Exercise material:
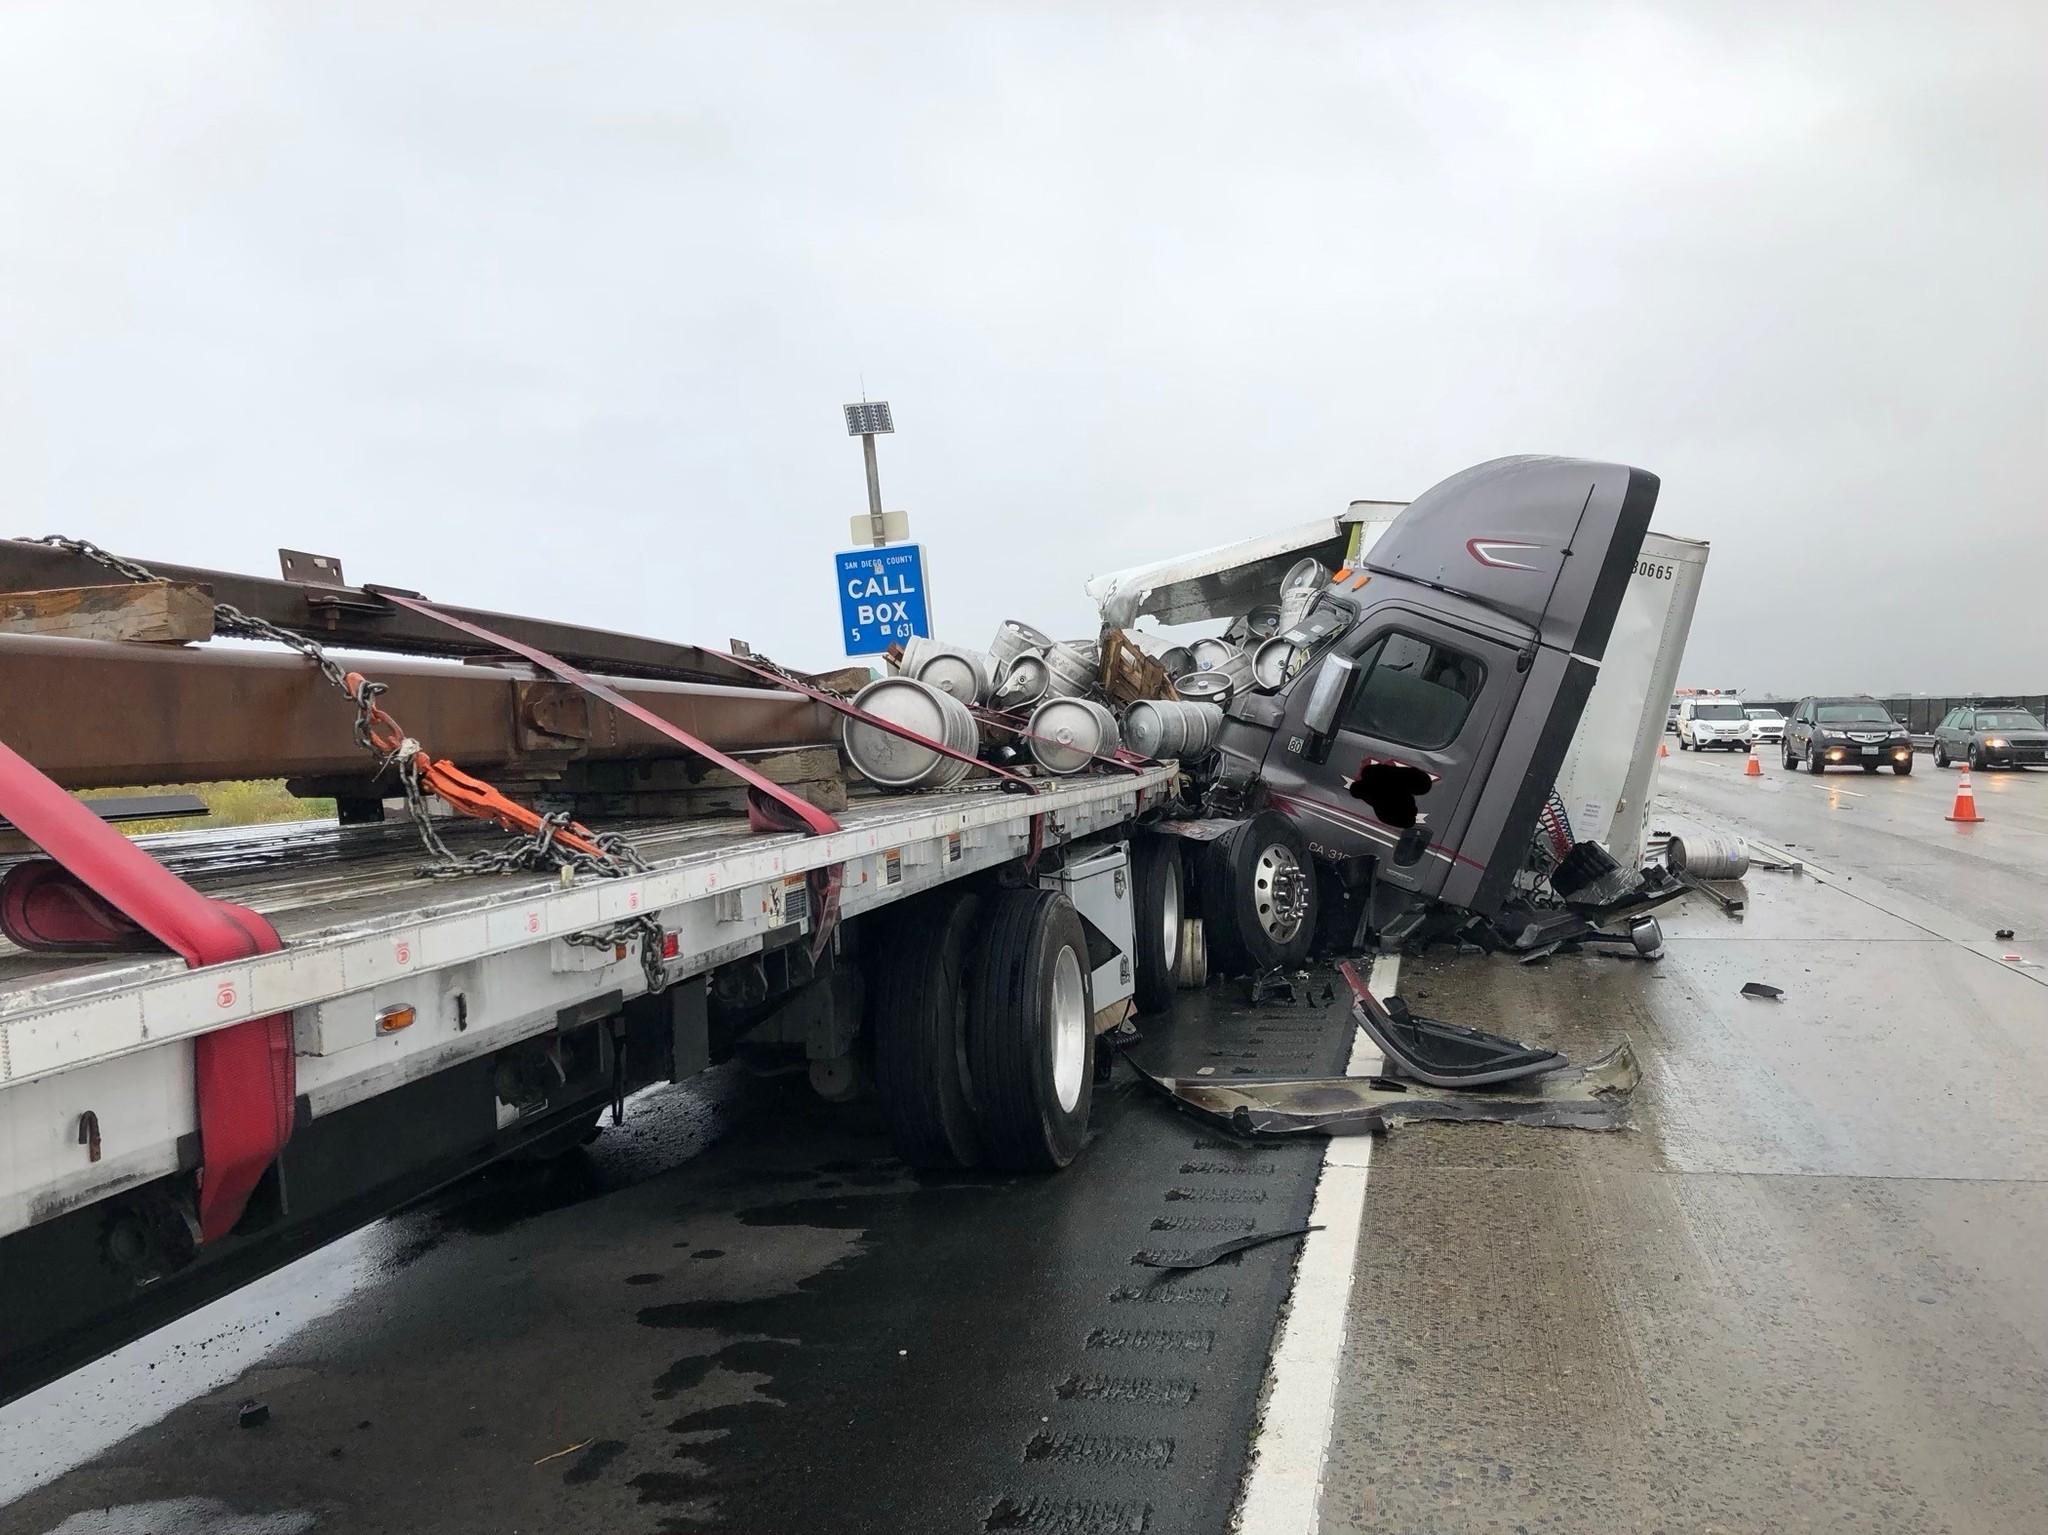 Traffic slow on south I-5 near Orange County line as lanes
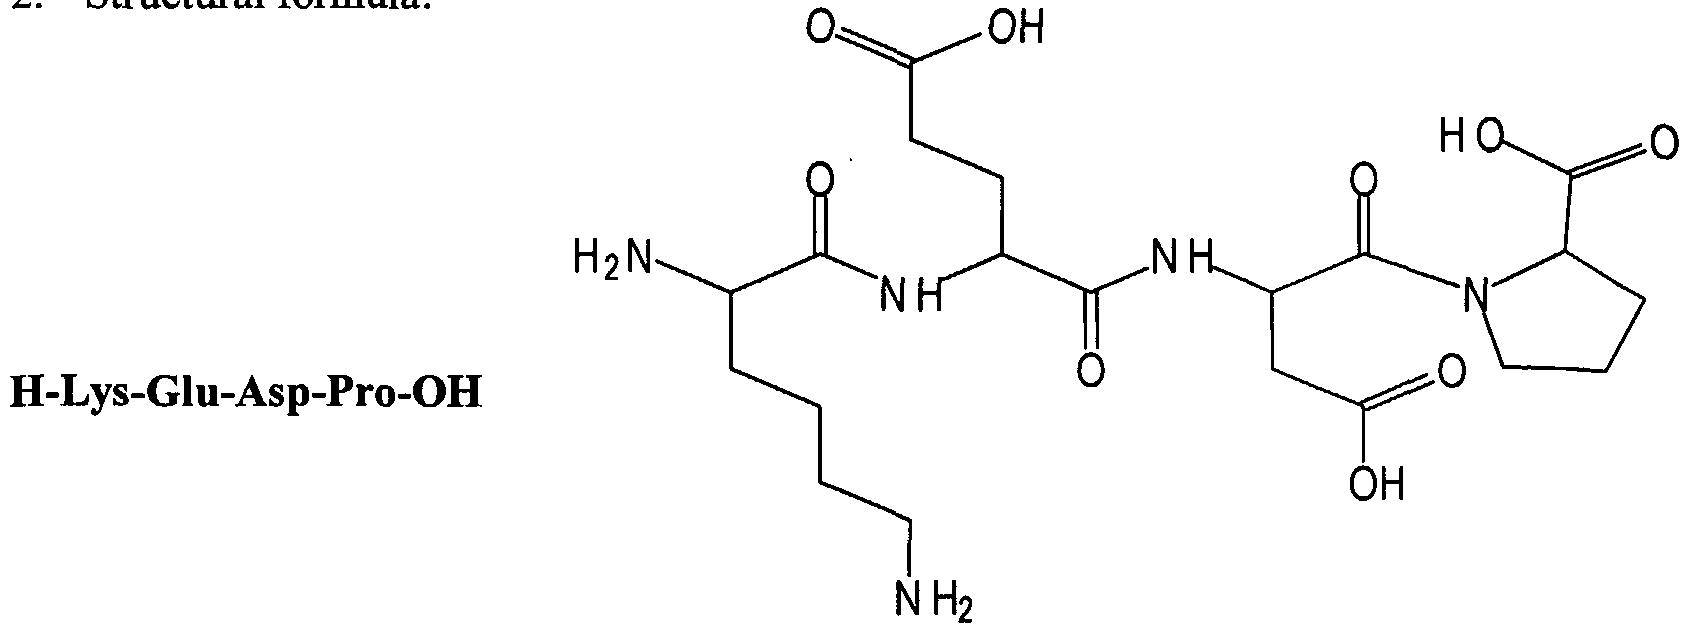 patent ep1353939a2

--

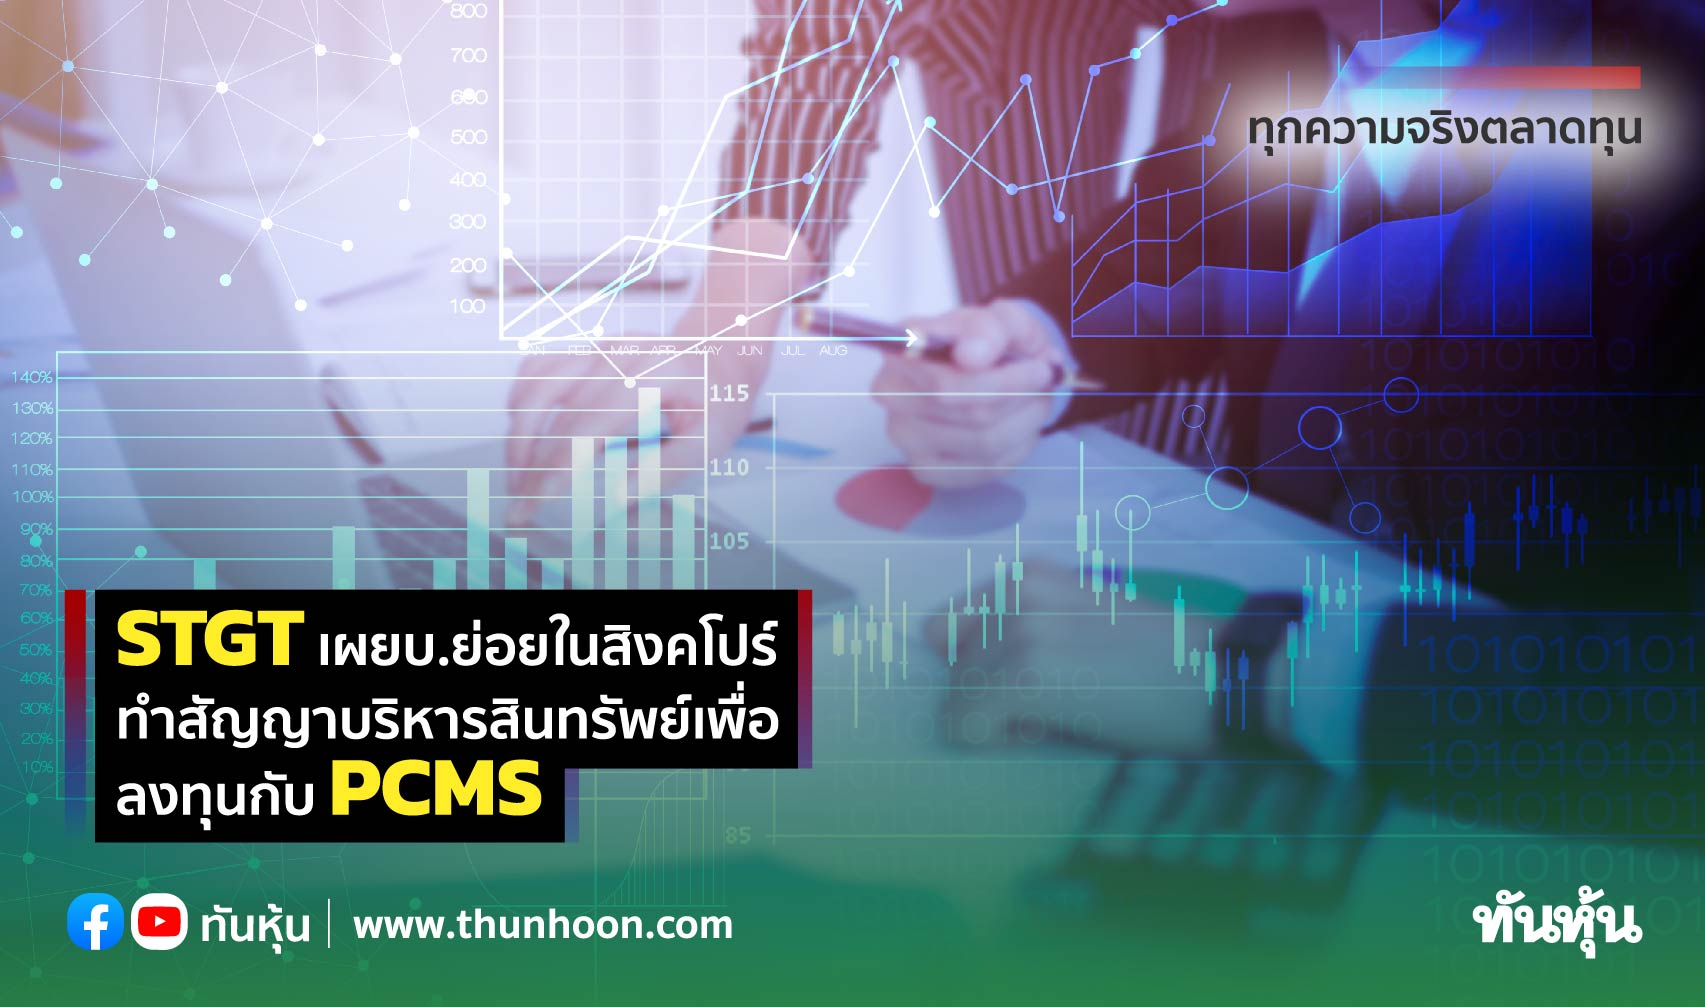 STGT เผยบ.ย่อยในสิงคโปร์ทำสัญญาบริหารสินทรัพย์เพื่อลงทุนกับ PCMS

Task brief: Would you restate, exactly and with no pictures, the lines of the entries above from the one containing "Traffic slow on" through the one containing "patent ep1353939a2"?

Result of the task:
 Traffic slow on south I-5 near Orange County line as lanes
 patent ep1353939a2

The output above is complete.